With reference to this noble cause, the year 1908 is marked in Justice Haziqul Khairi’s mind as a historic one. This was the year his grandfather started a journal under the name Ismat, which was destined to play a leading role in the movement launched for the emancipation of Muslim women in pre-Partition India. Historically speaking, three personalities emerged who were devoted to the cause of Muslim women. They bravely fought for this cause and bore the brunt of angry conservatives with courage. They were Sheikh Abdullah from Aligarh, who, going a step further from his murshid Sir Syed, laid the foundation of female education; Maulvi Mumtaz Ali from Lahore, who launched a journal for women, Tahzeeb-i-Niswan; and Rashidul Khairi, who started Ismat and Binat for the propagation of this cause.
Justice Haziqul Khairi, while talking about Allama, refers to an Indian Women Conference held in 1928. Allama addressed this conference and said: “I say it openly and plainly: let the Muslim men try to crush women to their hearts’ content, but the laws of nature lie beyond their control. A backlash on the part of women is inevitable. It will be a moment of crisis. Just in their reaction to the oppressive acts of Muslim men, the Muslim women will grow furious. That will be the sad end of what we call Namoos-i-Islam.”

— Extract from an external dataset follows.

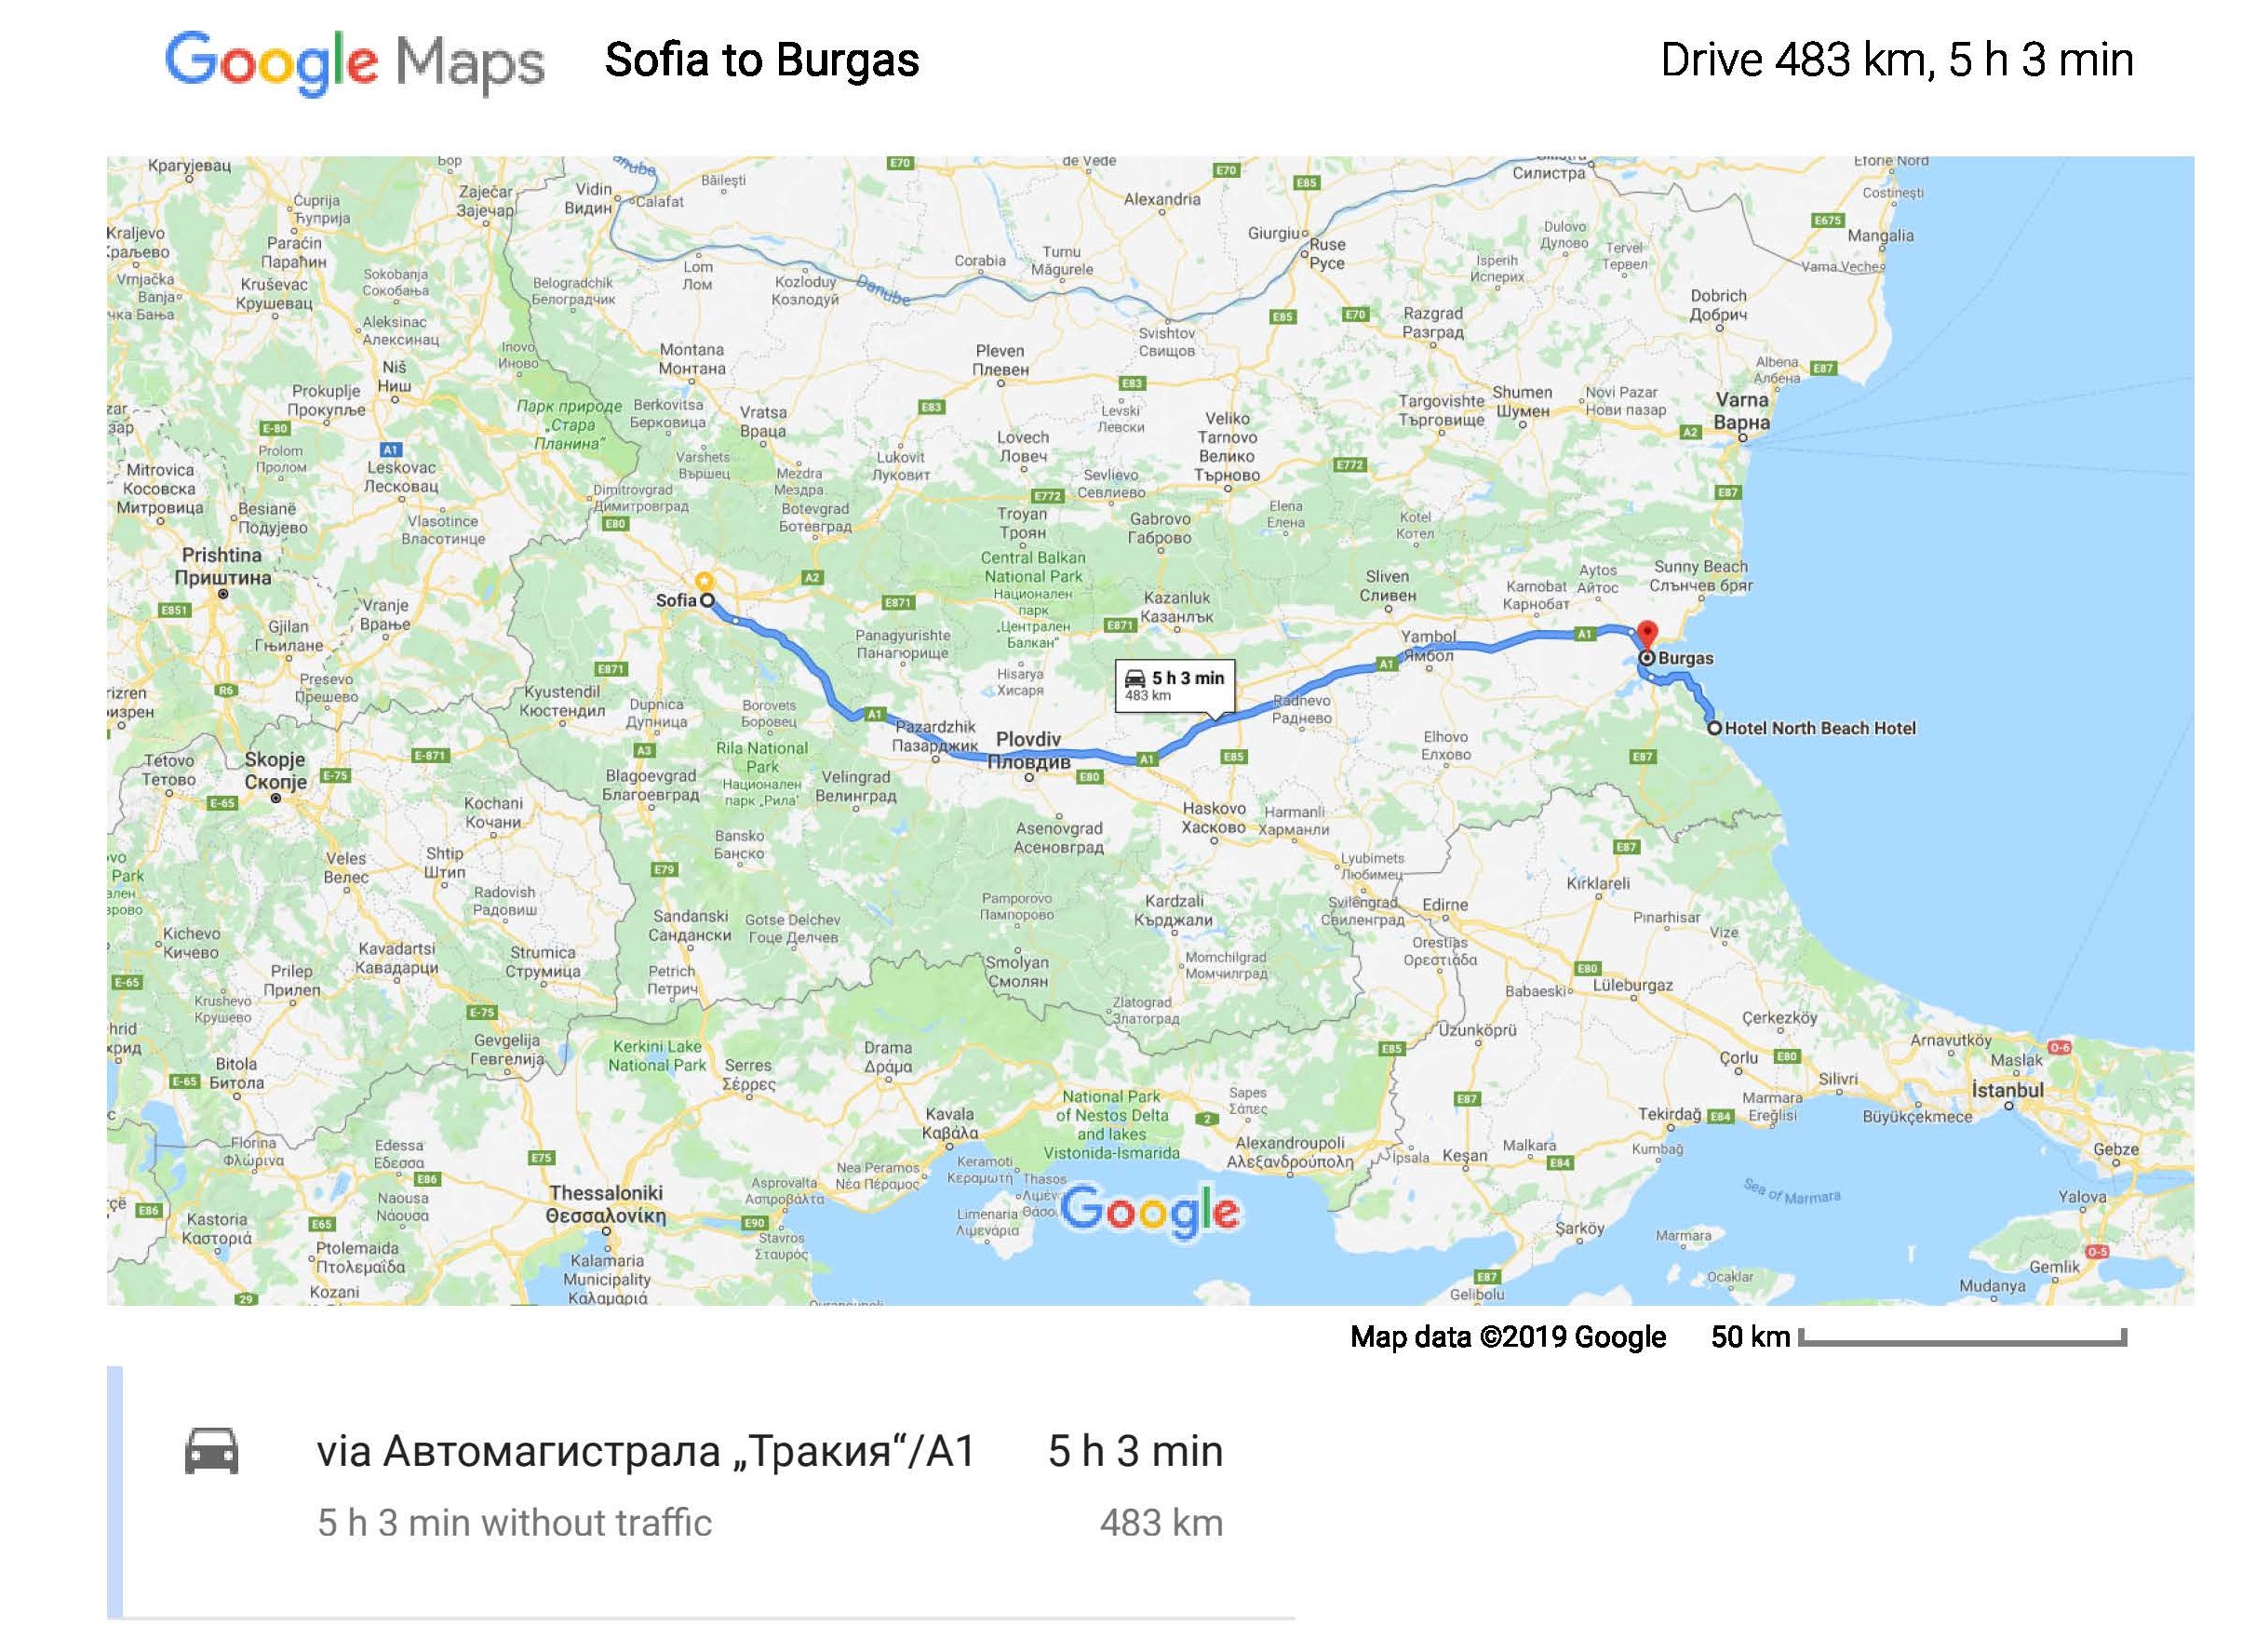 Sofia to Burgas - Google Maps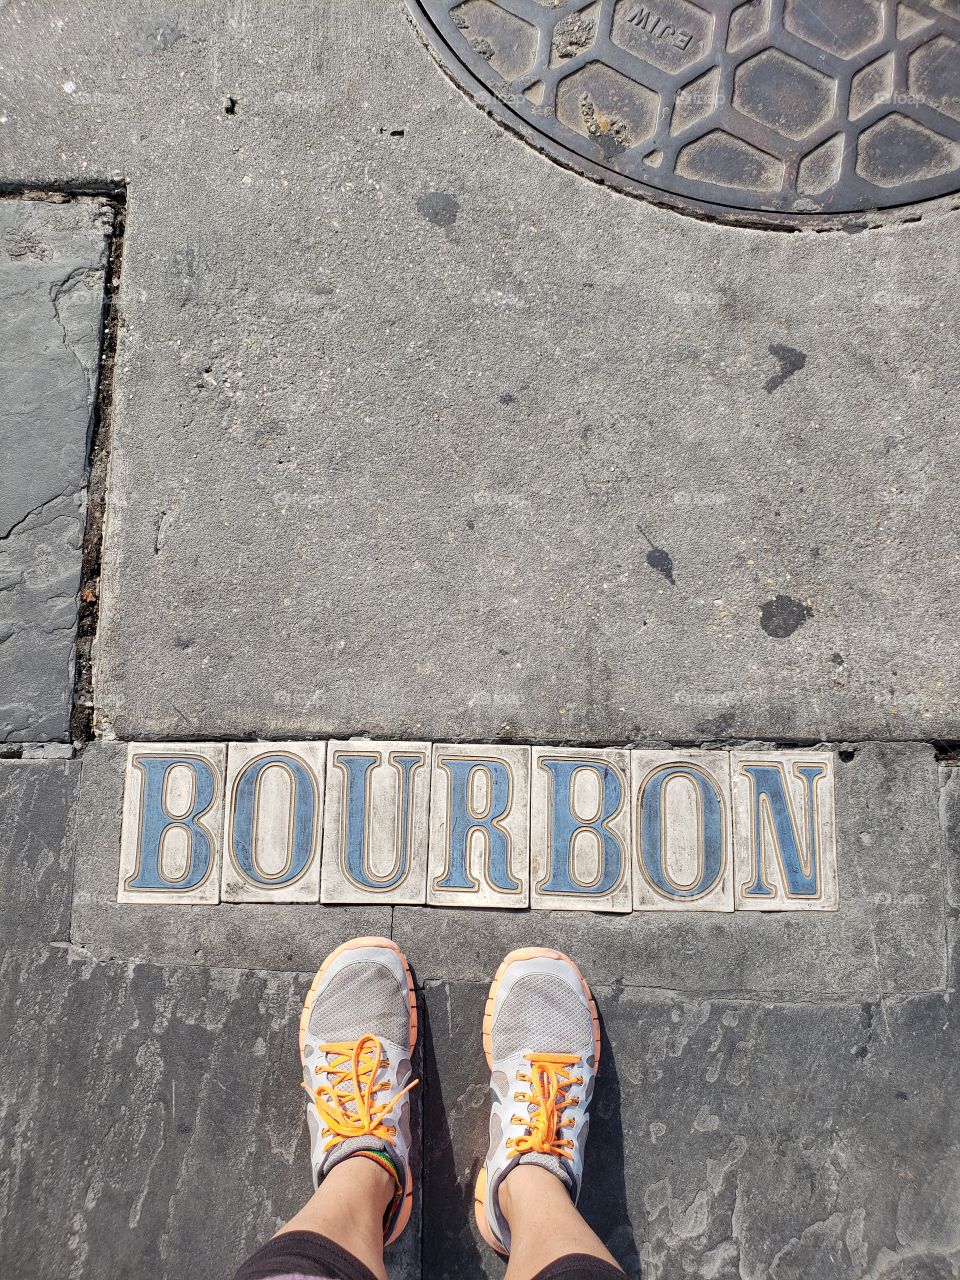 bourbon street art!

Of course, while talking about his family Justice Khairi has gone beyond his grandfather and has traced the descent of his family from Maulvi Abdul Khaliq, who was his great, great grandfather and a scholar. But in this series of forefathers Allama Rashidul Khairi appears as a dominating personality, molding the family in accordance to his ideals. In fact, the man acted as a great influence within the family as well as in the wider Muslim social world. Under his influence and through the journal Ismat, quite a large group of women writers came up. They wrote novels and short stories and were recognised as feministic fiction writers.
Justice Khairi’s mother, Begum Amna Nazli, was also a part of this galaxy of female writers. He refers to her two early collections of short stories, Ham Aur Tum and Nangay Paon. Add to them her stage play Daushala, which was recently reenacted with the cooperation of Oxford University Press and the British Council. Khairi’s family, as depicted by him, appears to be simultaneously deeply involved in literature and religion. And they all seemed to be contributing, in one way or the other, to the cause of women emancipation.
So Justice Khairi is justified in emphasising that the present movement of feminism in Pakistan owes much to these early protagonists of the women’s cause, who for the first time in the Muslim history of South Asia, raised a voice for women and worked for their rights, thus paving the way for the feministic movement as it has now emerged.
Justice Khairi, while discussing his own involvement in literature, says that from the age of 18 he started contributing to two journals, Ismat and Saqi, and his first collection of short stories came out in 1961. His family background helped him attract the attention of those who mattered in the literary world. So he made his appearance as a writer with a promise. But literature acts like a jealous partner, refusing to be accommodative to a rival. The writer and the jurist could not go together. So now Justice Khairi is known to us as a jurist. He also shares his experiences as a judge trying to act in accordance to his conscience.